● **COLLECTED DATA**:
══════════
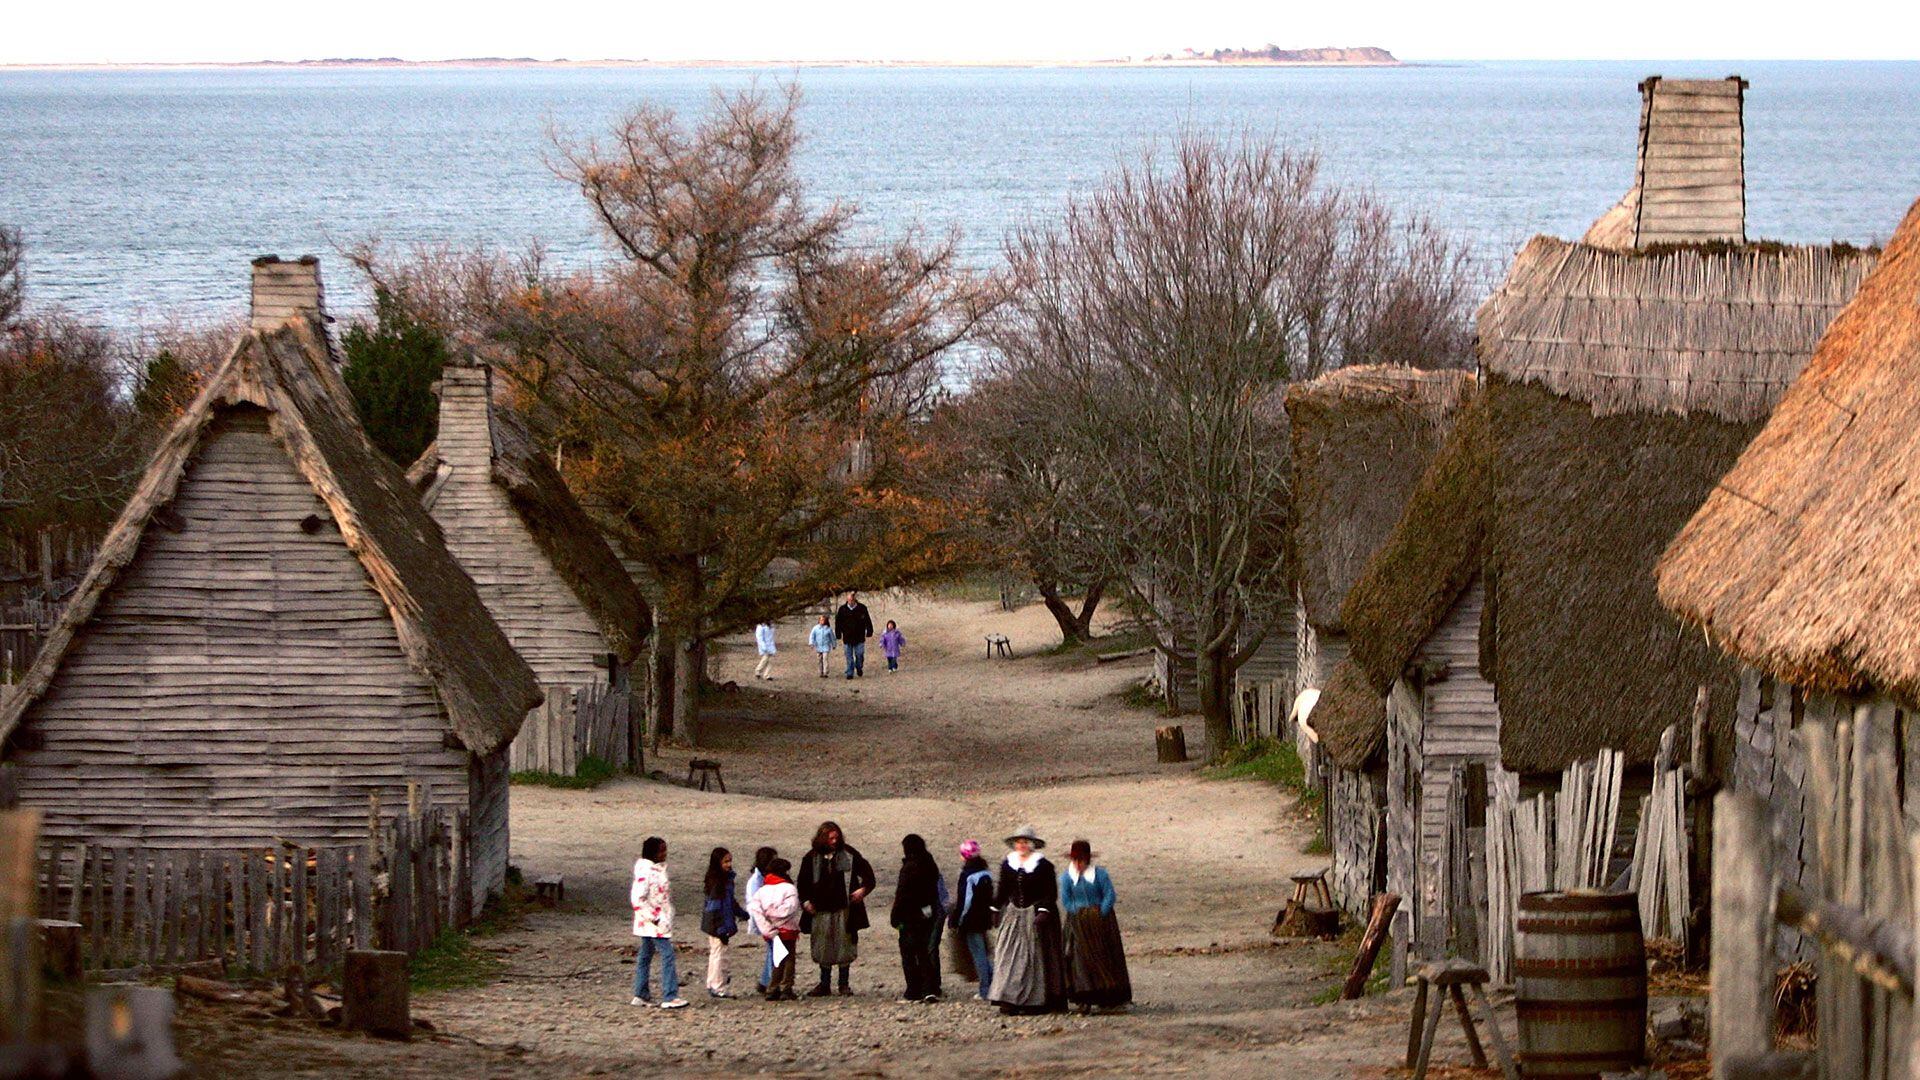 La aldea que recrea en Plymouth a la que construyeron los peregrinos llegados en el Mayflower. Es una atracción turística donde actores se visten como en el siglo XVII (Photo by Joe Raedle/Getty Images)
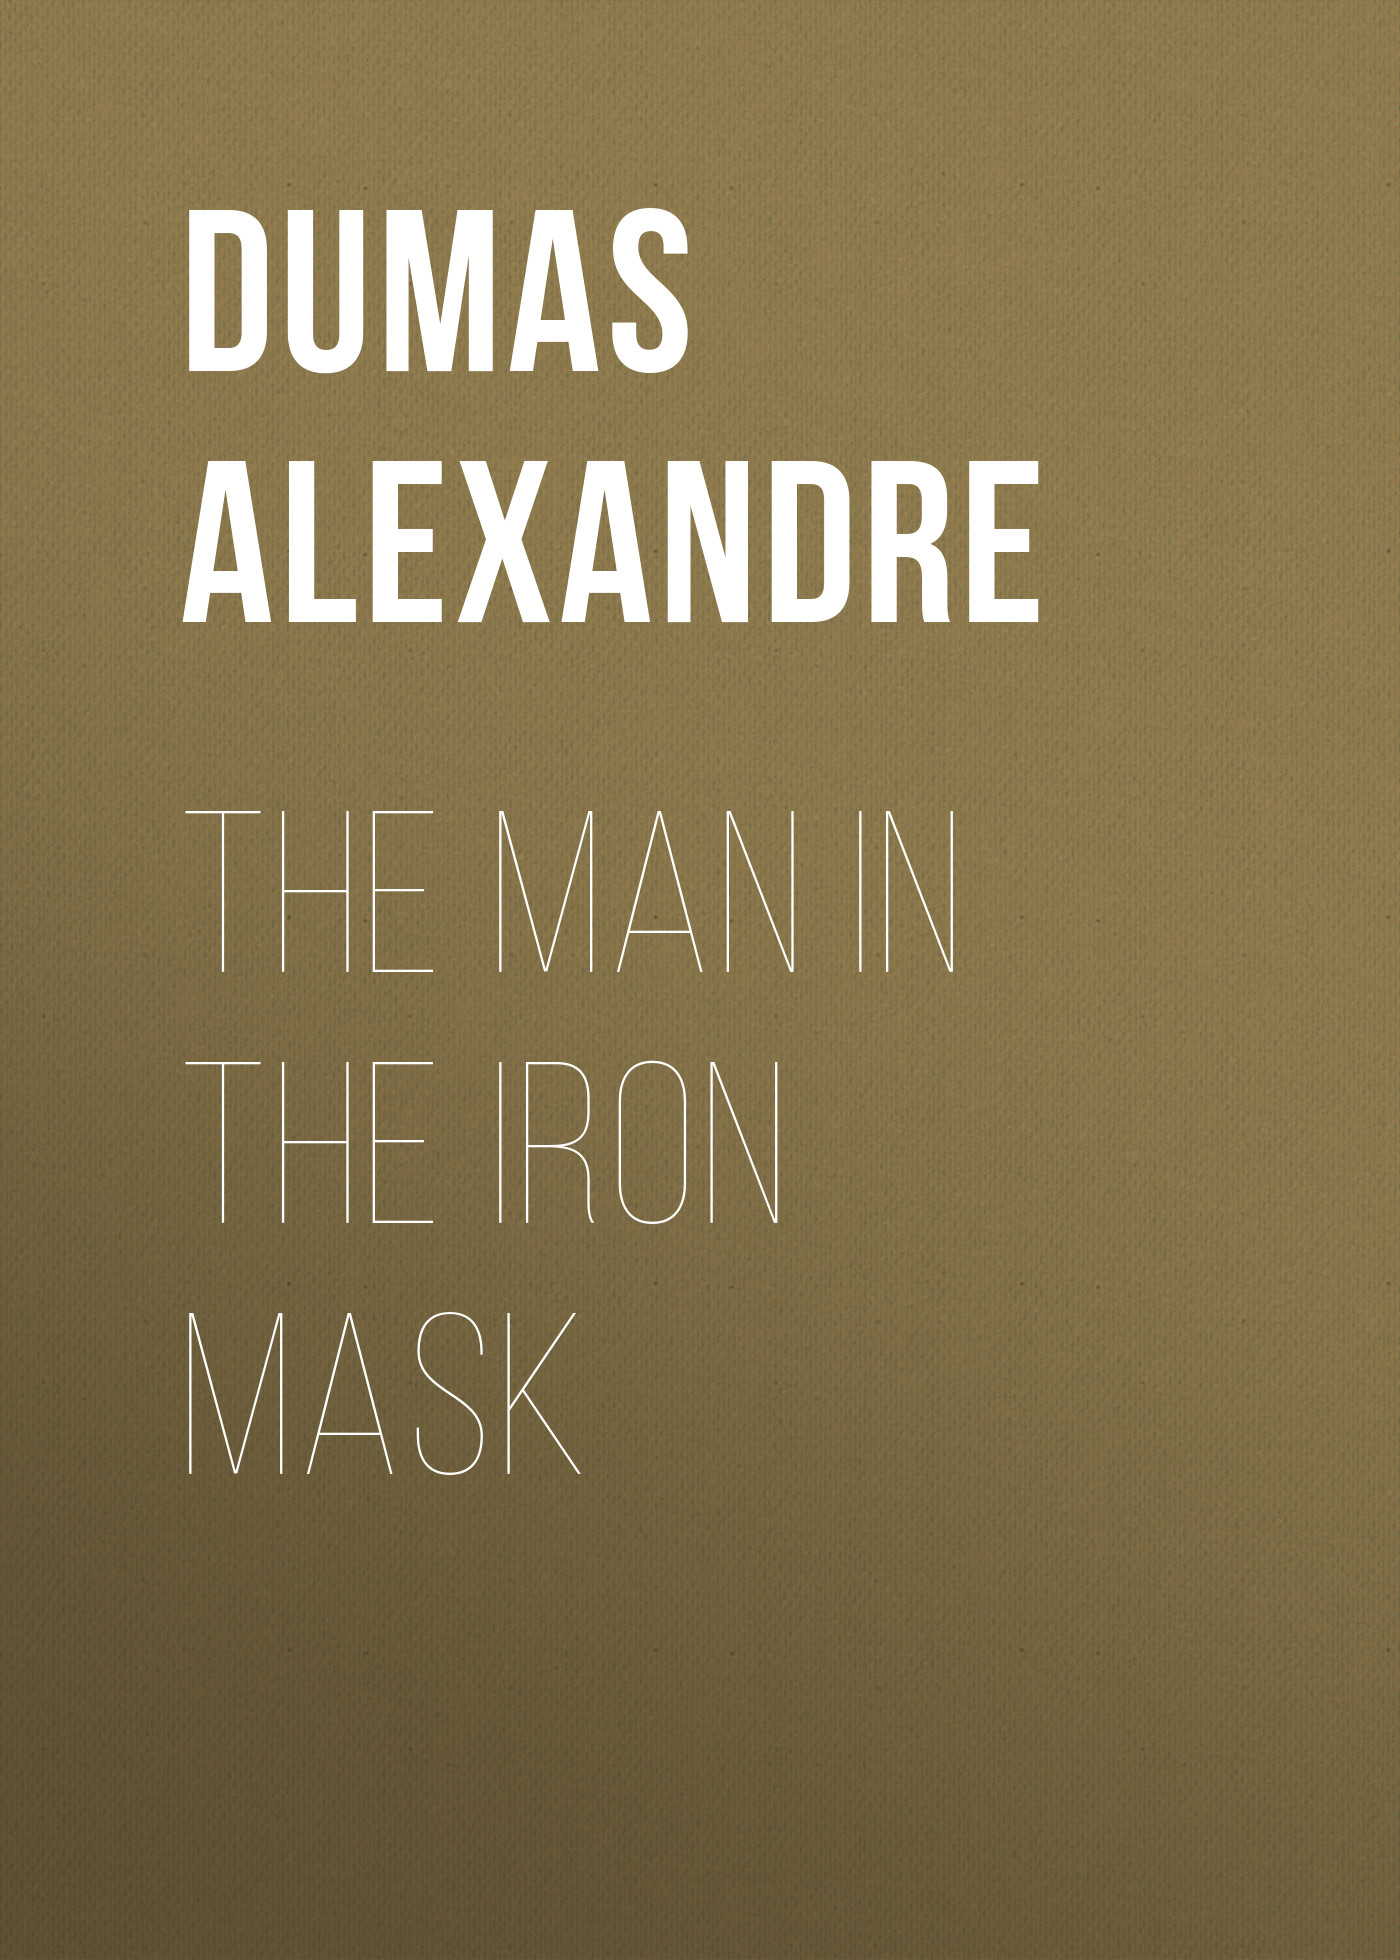 Книга The Man in the Iron Mask из серии , созданная Alexandre Dumas, может относится к жанру Литература 19 века, Зарубежная старинная литература, Зарубежная классика. Стоимость электронной книги The Man in the Iron Mask с идентификатором 25202087 составляет 0 руб.
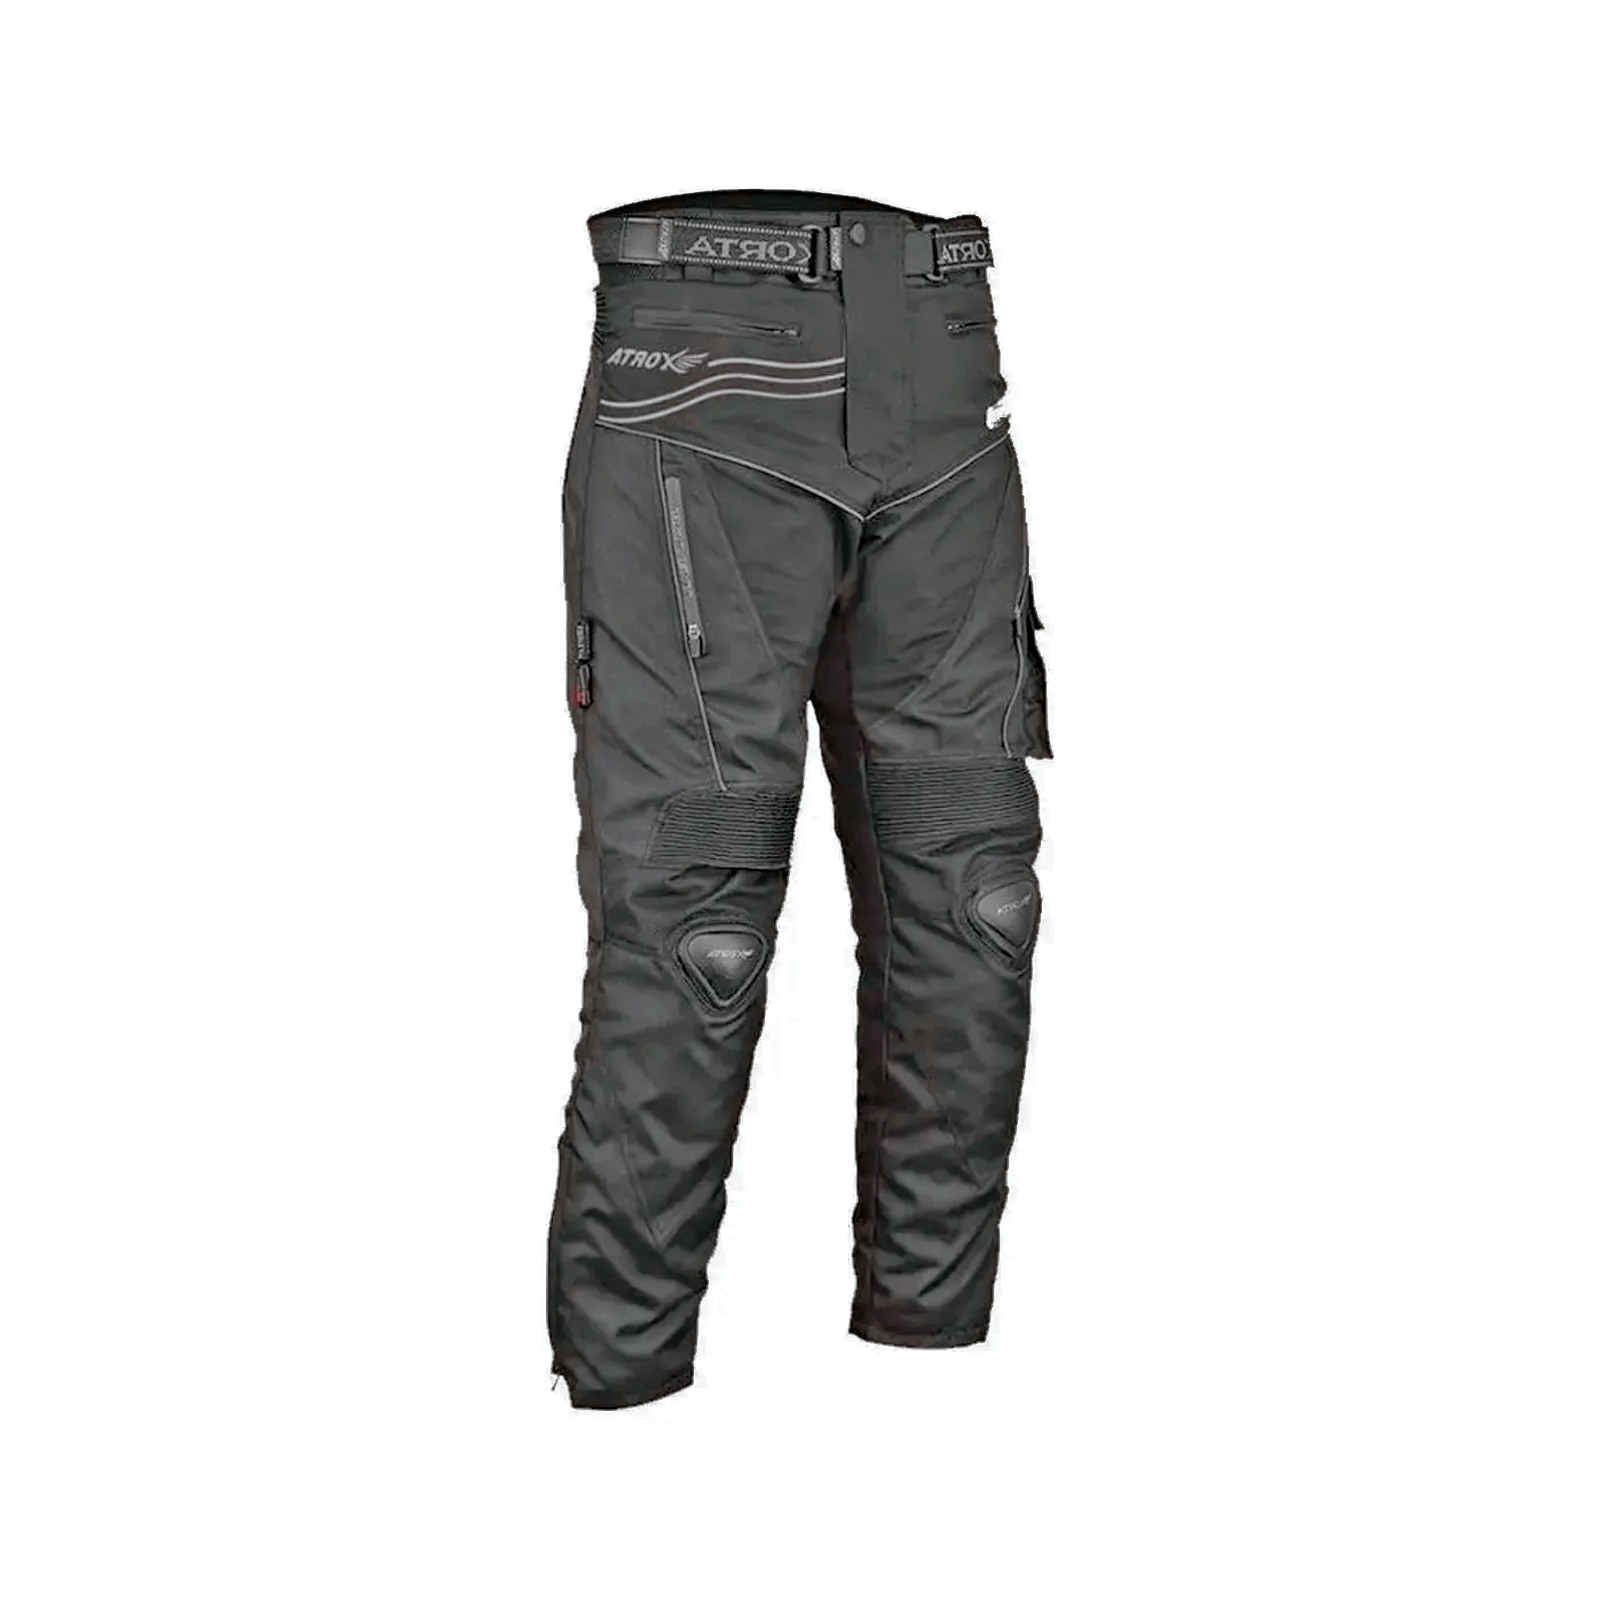 Pantalon Atrox para Motociclista Con Protecciones Certificado.
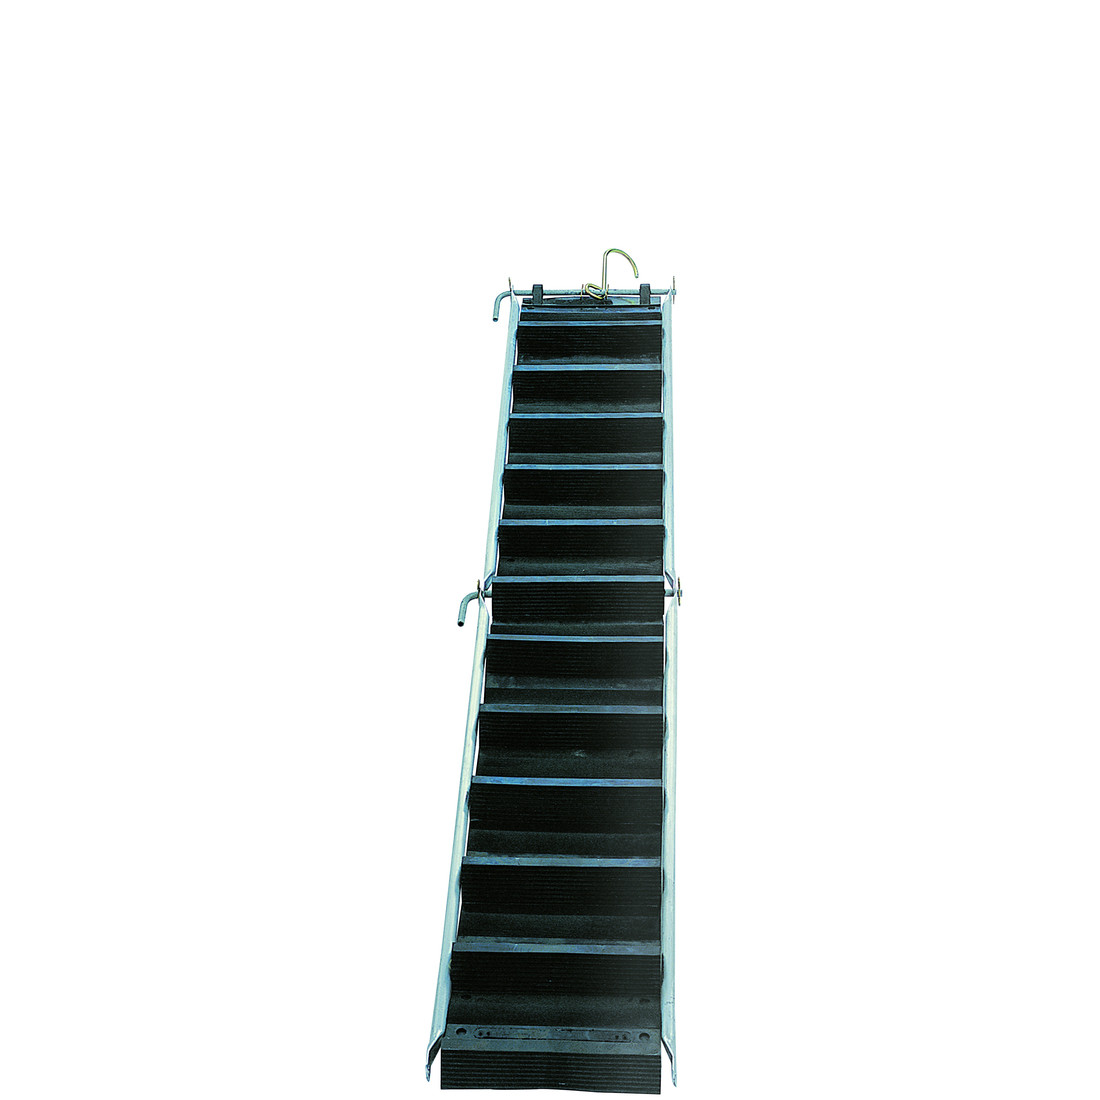 Soupléchelle rubber flexible ladder
══════════
● **TASK**: Only an exact copy is needed: the lines from the opening of the listing through the line with "Pantalon Atrox para", both included, minus the pictures.

● **RESULT**:
 La aldea que recrea en Plymouth a la que construyeron los peregrinos llegados en el Mayflower. Es una atracción turística donde actores se visten como en el siglo XVII (Photo by Joe Raedle/Getty Images)
 Книга The Man in the Iron Mask из серии , созданная Alexandre Dumas, может относится к жанру Литература 19 века, Зарубежная старинная литература, Зарубежная классика. Стоимость электронной книги The Man in the Iron Mask с идентификатором 25202087 составляет 0 руб.
 Pantalon Atrox para Motociclista Con Protecciones Certificado.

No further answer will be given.